If we desire a better life, a life that is truly life, a life of following Christ, what are we to do? Rodney Clapp suggests we begin where we are. In our job, in our neighborhood, in our church. He suggests making space for friendship and relationship. To deliberately slow down in favor of a deeper relationship, even if tasks don't get done quite as fast as we would like. Once we are aware of how the world with its task-oriented, get-as-many-things-done-as-fast-as-possible-at-all-costs attitude poisons us, we are in a position to reclaim true friendship and community.

Monday, May 17, 2010

How are We Different?

If we worry about the future like the rest of the world, have no peace like the rest of the world, if we love our friends and hate our enemies like the rest of the world, then how are we different than the rest of the world?

Monday, January 4, 2010

The Meaning of Life

This Christmas I received a book from my son, "The Gulag Archipeligo" by Solzhenitsyn. He thoughtfully selected the book because of my interest in the great Russian writers. You might be familiar with the term "Gulag" and that it refers to Russian prison camps. The book is aptly titled because it is a detailed account of the entire process of spying, betrayal, interrogation, torture, confession, and imprisonment for millions of Russians.

After reading the first three chapters, I was overwhelmed. A neighbor, an acquaintance, or a friend could make the most incidental comment that could cause you to be arrested. For the most benign comment or no cause at all if a quota had to be met, you could be arrested and sentenced to no less than 10 years hard labor. From the October revolution of 1917 through the post-war years, huge swaths of the population were caught up in a system that not only presumed you had to be guilty of something, but preemptively punished you just in case.

I was astounded at the wholesale destruction of human dignity on such a vast scale. I was so overwhelmed, I had to put the book down for a time. With such pervasive accusation, betrayal, cruelty, fear, and suspicion inflicted on so many people, how could its effects not be felt for generations? Indeed the effects are being felt to the present day. A recent NPR feature titled "Epidemic of Addiction Threatens Russia's Future" describes the widespread alcohol and drug use that plagues Russian society today.

So what can I do? Perhaps not much for Russia. Russia is inaccessible to me both geographically and linguistically. Because of emigration and the internet, people may become accessible to me who otherwise would not be. But I don't have to go to Russia or seek out Russian people. I don't have to look far to find people in pain and people that are addicted. Regardless of where we are in the world, the motivation for addiction is the same: to anesthetize pain and salve lack of purpose.

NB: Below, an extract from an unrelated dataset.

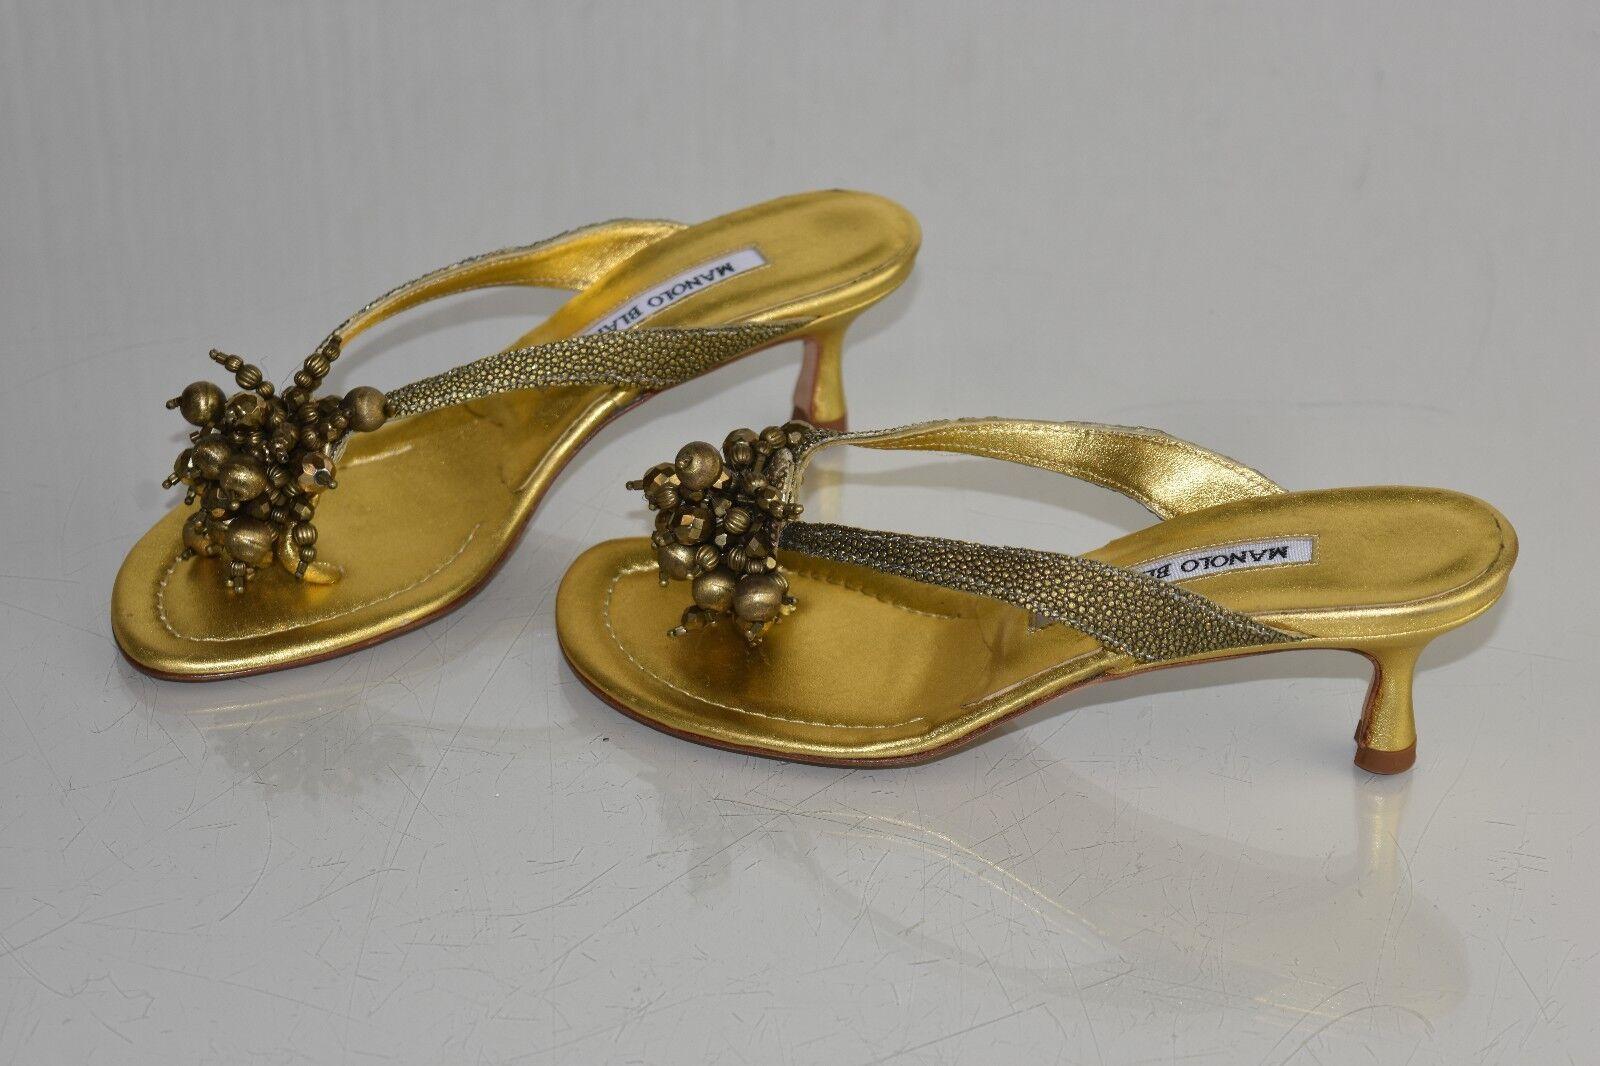 735 New Manolo Blahnik Blahnik Blahnik Jewel Thong SANDALS Slides Gold Kitten schuhe 35.5 40.5 b00938

I cannot arrogantly presume that I know the existential angst that my friends and acquaintances may or may not be feeling. However, I can safely assume that, as much as human beings need food, clothing, and shelter, they need meaning. The fact that I am a Christian does not put me in a superior position; it only means that I have started on a purposeful journey. Viktor Frankl said, "our meaning in life is found as we help others find their meaning in life." That is why the answer is so elusive. We think we can find it by ourselves. It cannot be found on our own, as an individual pursuit, but only as we help others find it!